The Alloa-based charity, previously known as Open Secret, is being investigated by the Office for the Scottish Charity Regulator (OSCR).

The probe into the organisation, which is run by former Labour MSP candidate Janine Rennie, has been going on since the end of last year, with OSCR officials set to hold talks with Wellbeing Scotland bosses.

The Sunday Mail has learned police didn’t receive a report of a paedophile ring that the charity claimed it had uncovered.

A spokesman said: “It appears that no referral was made to police from the charity regarding these allegations.”

It comes after Rennie claimed, in 2016, that they had uncovered a huge paedophile ring in Falkirk.

She said her charity had found a cluster of 367 abuse victims dating back to the 70s.

Many were in sports clubs .

At the time, Rennie said she reported her findings to police but was snubbed.

She added: “Our information indicates a high level of reported multiple abusers in Falkirk, in one area of the town in particular.

“The number of people who have come forward is shocking.”

Also in 2016, Wellbeing Scotland was criticised by Deputy First Minister John Swinney for denying officials access to the charity’s records.

Latest accounts show Wellbeing Scotland had an income of nearly £778,000 in 2019/2020, with four bosses paid £223,000 in total. Over £712,000 came in grants via public bodies such as the Scottish Government and local authorities.

In 2014, Falkirk Council opened its own investigation into the organisation amid complaints of bullying and financial ­mismanagement.

The council, which had slashed its funding of the organisation, which provided counselling services for survivors, called in a consultancy firm to carry out the probe.

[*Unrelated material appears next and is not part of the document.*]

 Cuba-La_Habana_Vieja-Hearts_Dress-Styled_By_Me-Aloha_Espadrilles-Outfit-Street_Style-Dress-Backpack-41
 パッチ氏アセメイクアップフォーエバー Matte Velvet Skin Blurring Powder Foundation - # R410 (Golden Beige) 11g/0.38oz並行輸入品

In 2015, the council decided it would no longer solely rely on Open Secret but put out ­counselling contracts to tender.

OSCR said: “We have ­considered a significant amount of information in the course of our inquiry and are looking to engage with the charity trustees.”

Rennie refuted allegations that her charity did not act ­transparently.

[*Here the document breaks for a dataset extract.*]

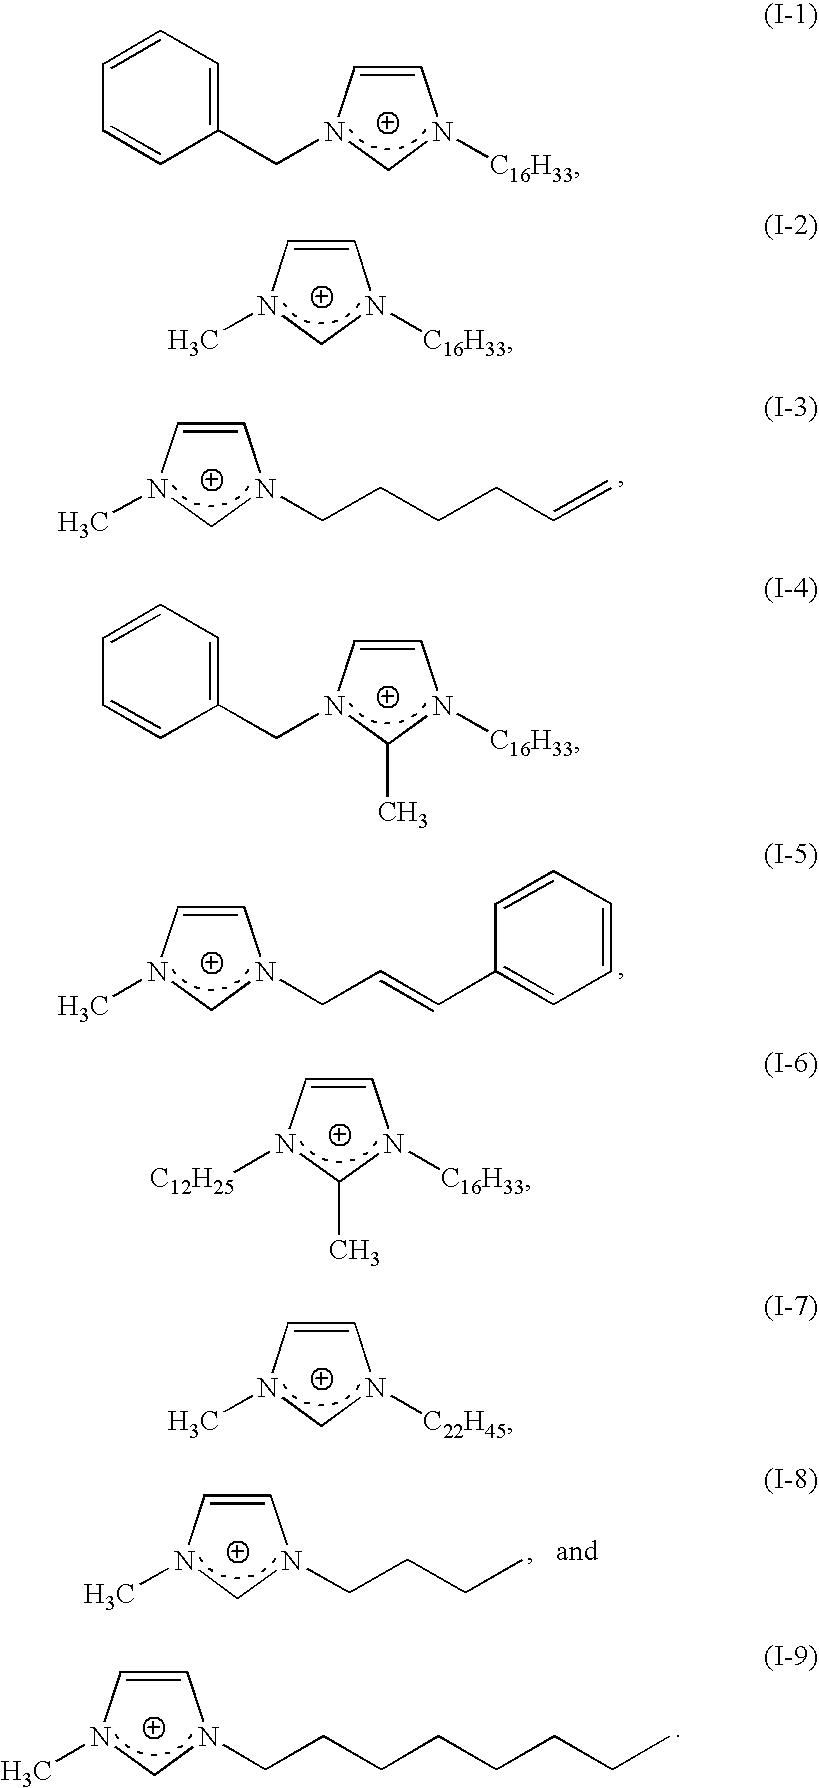 Figure US07601772-20091013-C00003

She said she ­originally helped a client make criminal allegations in 2009.

She then contacted police in 2014 after reviewing a database of abuse allegations.


She said she discussed with police her concerns of a paedophile ­network and passed an officer her findings.

She added: “The search highlighted 367 people who reported multiple abusers.

“The charity supported many people to bring these cases forward so the police are being clever in their response.”